The District will have to grapple with a new marijuana rider. ( Bill Clark/CQ Roll Call File Photo)

Congress would block the District of Columbia from legalizing marijuana for recreational use, but preserve its decriminalization law, under the spending package released Tuesday night.  

In the D.C. appropriations section, which allocates $680 million of federal funds to the District, is an amendment barring federal and local funds from being used “to enact any law, rule, or regulation to legalize or reduce penalties associated with the possession, use or distribution” of marijuana. The language would ban the city from enacting Referendum 71, a ballot initiative overwhelmingly approved by voters in November. The pot rider is similar to an amendment offered by Rep. Andy Harris, D-Md., which was being discussed in appropriations negotiations.
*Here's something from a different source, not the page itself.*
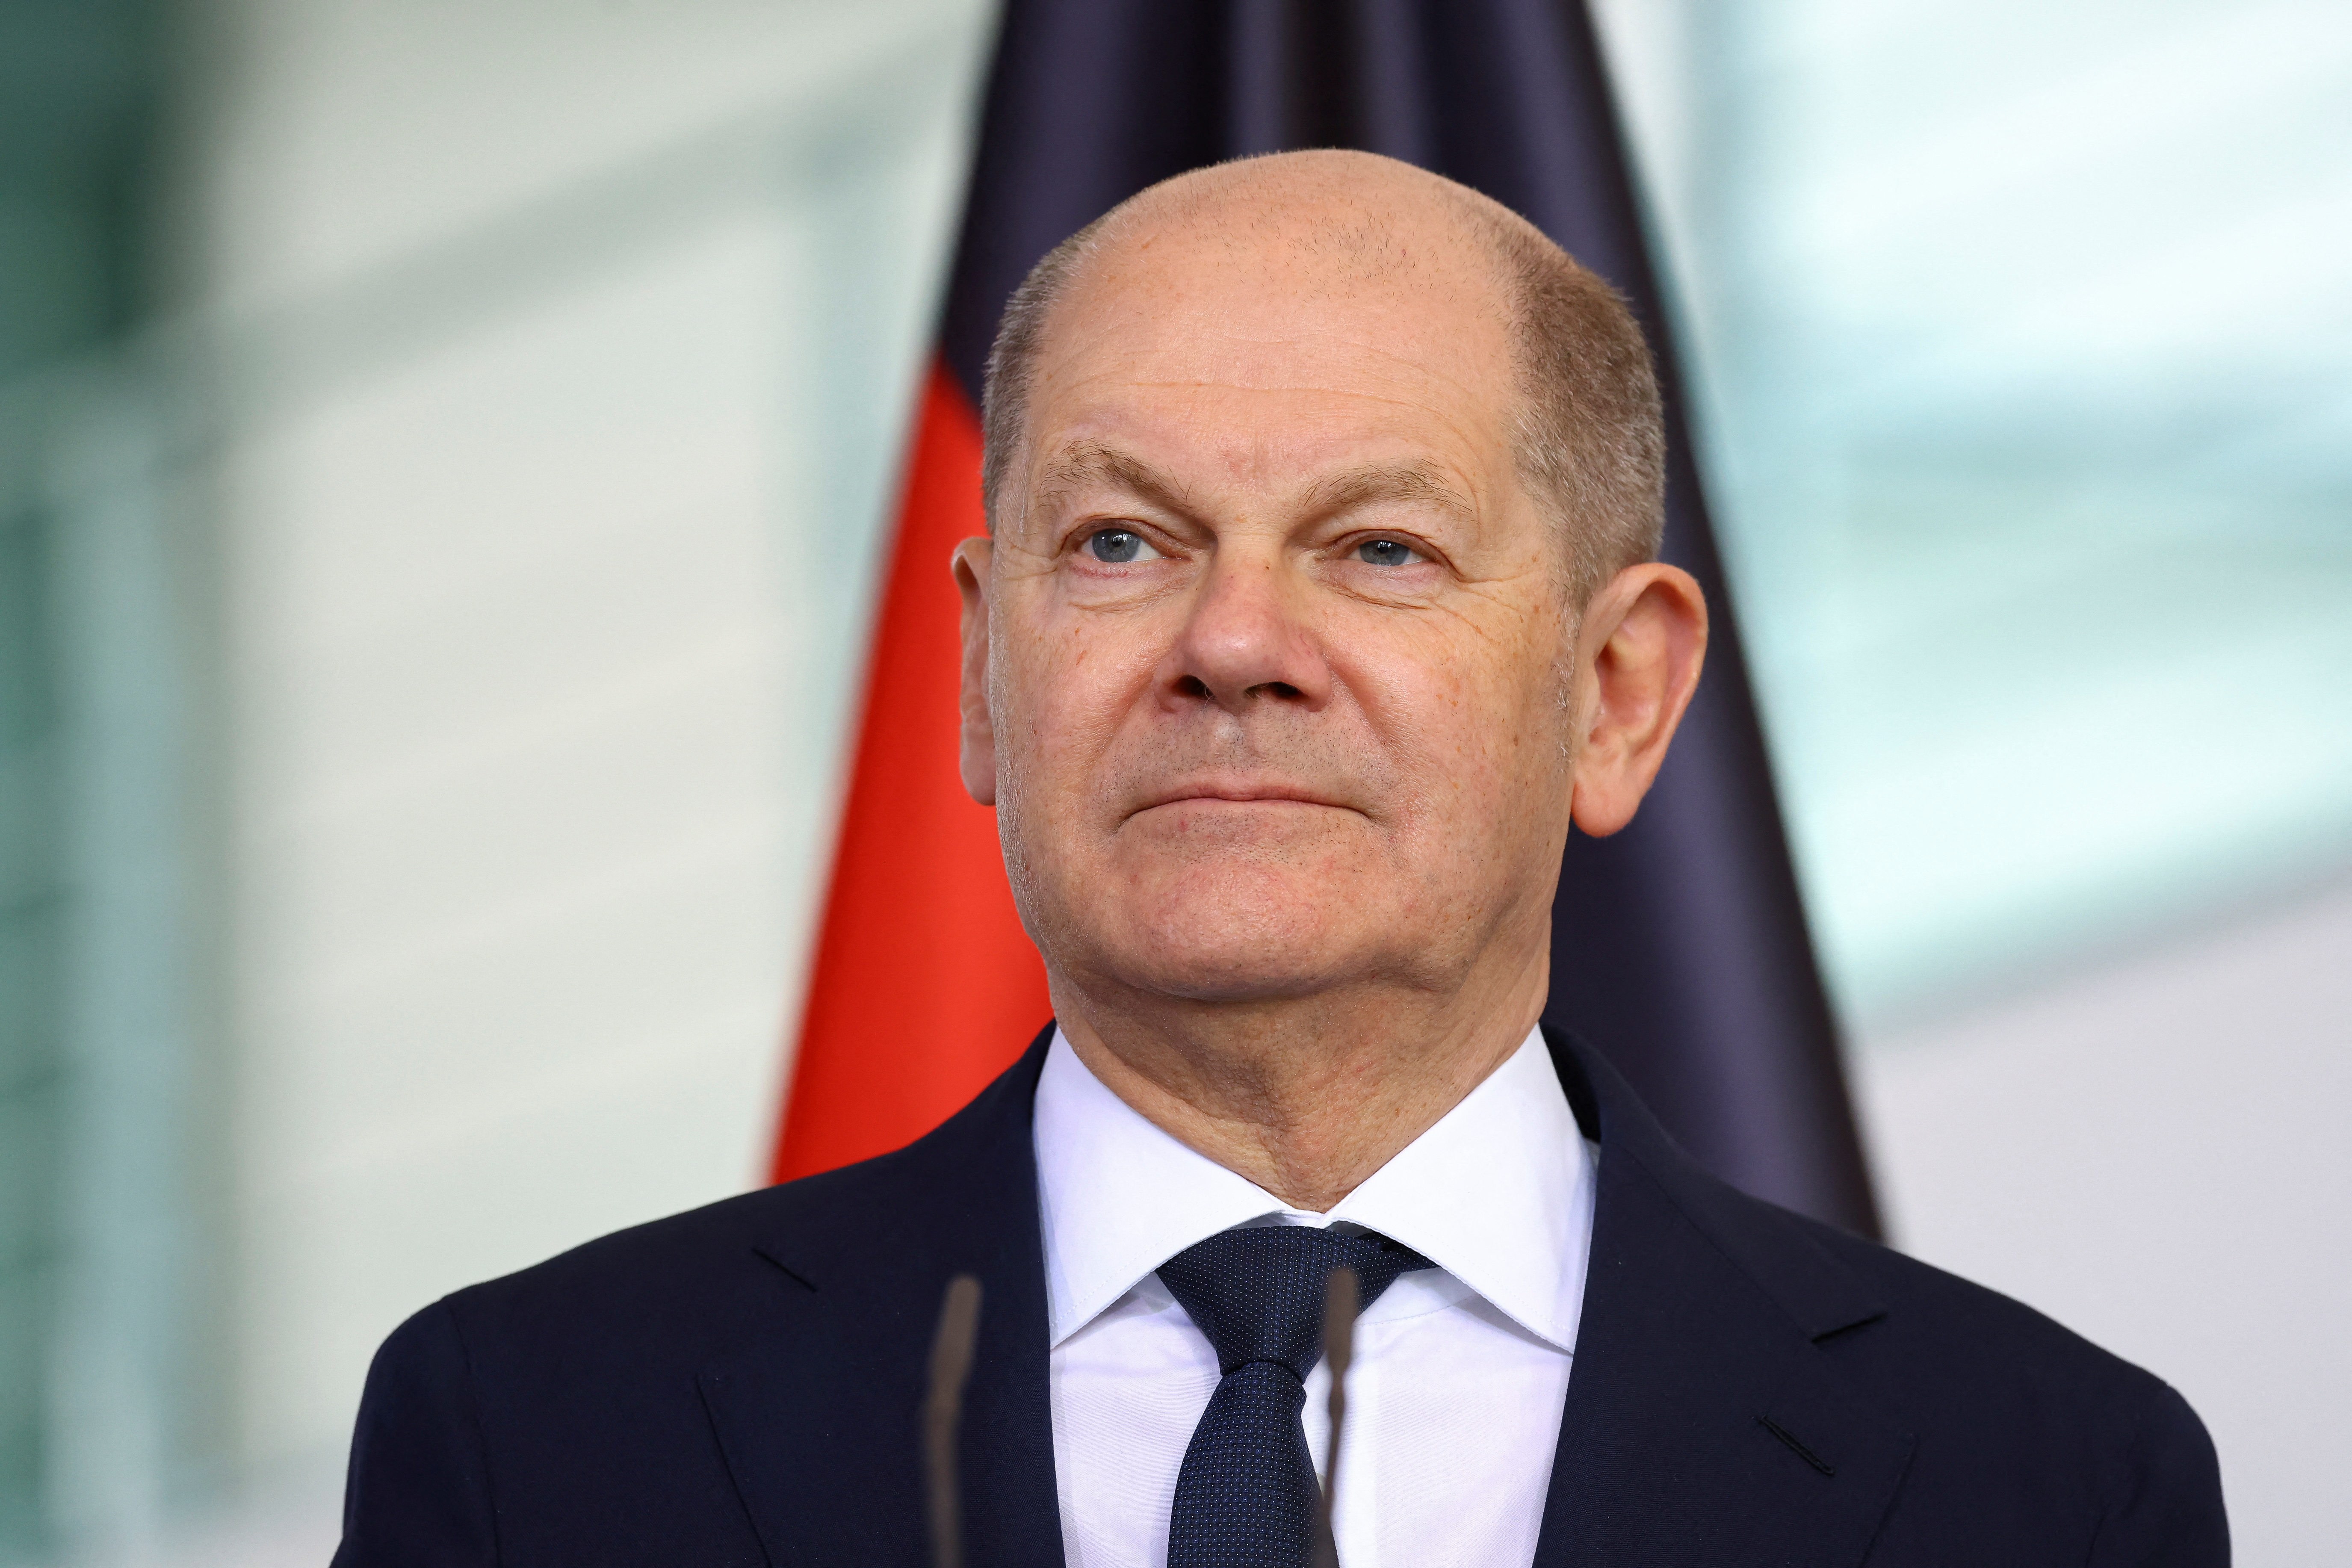 Georgian Prime Minister Kobakhidze visits Berlin

That would have reversed a D.C. law making possession of less than an ounce of pot a civil offense and undone D.C.’s medical marijuana program, according to GOP sources. Under the introduced language, decriminalization and the medical program would be left alone.  

Activists supporting marijuana legalization and D.C. autonomy will likely be outraged at the amendment, but its fate may be sealed. On Tuesday, Senate Majority Leader Harry Reid, D-Nev., said of the rider, “If they put it in there, it’s going to be hard to take it out over here, but I oppose it.”  

Marijuana-rights advocates may be pleased to see a provision in the spending agreement that prevents the Justice Department from interfering with state laws on medical pot. The measure to slash funds for Drug Enforcement Agency raids in D.C. and 32 states with medical marijuana programs was approved by the House in an unusual bipartisan vote this spring. In positive news for advocates of Home Rule, the package to fund the government through September 2015 does not include a pro-gun amendment from Rep. Thomas Massie, R-Ky., that would have dismantled D.C.’s gun control laws. Local officials have still had to grapple with changes to handgun laws since a federal judge declared the city’s ban on carrying handguns unconstitutional this summer.  

In addition to the marijuana rider, the D.C. appropriations package also contains a number of other riders that prohibit funds for certain social policies in the District. The bill bars federal funds from being used for the salaries or expenses of a shadow senator or representative (elected officials who effectively serve as unpaid lobbyists for statehood) and for safe needle distribution. Federal and local funds can also not be used for an “abortion except in the cases of rape or incest or if necessary to save the life of the mother.”